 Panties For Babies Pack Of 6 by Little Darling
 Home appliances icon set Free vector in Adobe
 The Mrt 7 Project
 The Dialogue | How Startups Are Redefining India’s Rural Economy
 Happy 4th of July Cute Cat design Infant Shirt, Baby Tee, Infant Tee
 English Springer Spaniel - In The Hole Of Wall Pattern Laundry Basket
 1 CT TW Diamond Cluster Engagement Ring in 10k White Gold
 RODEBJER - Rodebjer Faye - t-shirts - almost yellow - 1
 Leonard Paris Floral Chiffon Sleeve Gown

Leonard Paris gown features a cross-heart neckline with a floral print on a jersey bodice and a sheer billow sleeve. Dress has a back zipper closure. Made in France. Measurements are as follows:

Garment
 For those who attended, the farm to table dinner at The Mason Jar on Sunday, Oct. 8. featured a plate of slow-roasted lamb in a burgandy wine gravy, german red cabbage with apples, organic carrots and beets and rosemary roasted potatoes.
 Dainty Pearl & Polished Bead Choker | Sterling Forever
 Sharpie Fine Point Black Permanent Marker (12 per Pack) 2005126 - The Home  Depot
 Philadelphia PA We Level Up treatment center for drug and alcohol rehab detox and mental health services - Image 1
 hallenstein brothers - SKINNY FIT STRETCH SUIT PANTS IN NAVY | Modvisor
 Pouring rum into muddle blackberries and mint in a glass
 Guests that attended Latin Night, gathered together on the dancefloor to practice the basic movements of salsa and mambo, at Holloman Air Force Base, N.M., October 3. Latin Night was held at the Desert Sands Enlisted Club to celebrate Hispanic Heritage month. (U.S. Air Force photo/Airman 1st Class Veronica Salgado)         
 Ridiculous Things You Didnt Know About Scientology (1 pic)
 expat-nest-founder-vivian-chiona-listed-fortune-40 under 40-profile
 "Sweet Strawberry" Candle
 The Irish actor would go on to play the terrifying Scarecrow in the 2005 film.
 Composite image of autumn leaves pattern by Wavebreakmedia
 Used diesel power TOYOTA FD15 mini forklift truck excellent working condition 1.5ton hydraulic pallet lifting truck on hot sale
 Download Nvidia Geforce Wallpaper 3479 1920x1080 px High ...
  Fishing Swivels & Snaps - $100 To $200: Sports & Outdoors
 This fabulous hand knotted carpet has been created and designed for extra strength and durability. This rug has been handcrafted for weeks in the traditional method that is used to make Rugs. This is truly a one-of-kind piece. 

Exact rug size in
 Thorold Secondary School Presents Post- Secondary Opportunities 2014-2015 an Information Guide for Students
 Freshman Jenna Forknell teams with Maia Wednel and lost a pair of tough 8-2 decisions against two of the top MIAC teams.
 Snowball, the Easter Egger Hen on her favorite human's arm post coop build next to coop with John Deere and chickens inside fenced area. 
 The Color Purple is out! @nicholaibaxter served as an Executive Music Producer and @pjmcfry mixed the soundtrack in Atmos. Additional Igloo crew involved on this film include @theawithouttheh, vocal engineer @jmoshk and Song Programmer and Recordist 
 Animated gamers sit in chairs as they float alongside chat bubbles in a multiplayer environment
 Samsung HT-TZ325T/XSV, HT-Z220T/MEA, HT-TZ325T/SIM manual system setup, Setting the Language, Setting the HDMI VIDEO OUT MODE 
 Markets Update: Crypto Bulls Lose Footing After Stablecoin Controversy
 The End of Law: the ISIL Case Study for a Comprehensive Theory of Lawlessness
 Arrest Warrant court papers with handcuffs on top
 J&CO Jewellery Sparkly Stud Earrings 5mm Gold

◇ ◇ ◇ ◇

## WHAT YOU HAVE TO DO
Restate word for word the entries above, starting at the line with "Exact rug size in" and ending at the line with "Freshman Jenna Forknell", inclusive, and no others.

## RESPONSE
Exact rug size in
 Thorold Secondary School Presents Post- Secondary Opportunities 2014-2015 an Information Guide for Students
 Freshman Jenna Forknell teams with Maia Wednel and lost a pair of tough 8-2 decisions against two of the top MIAC teams.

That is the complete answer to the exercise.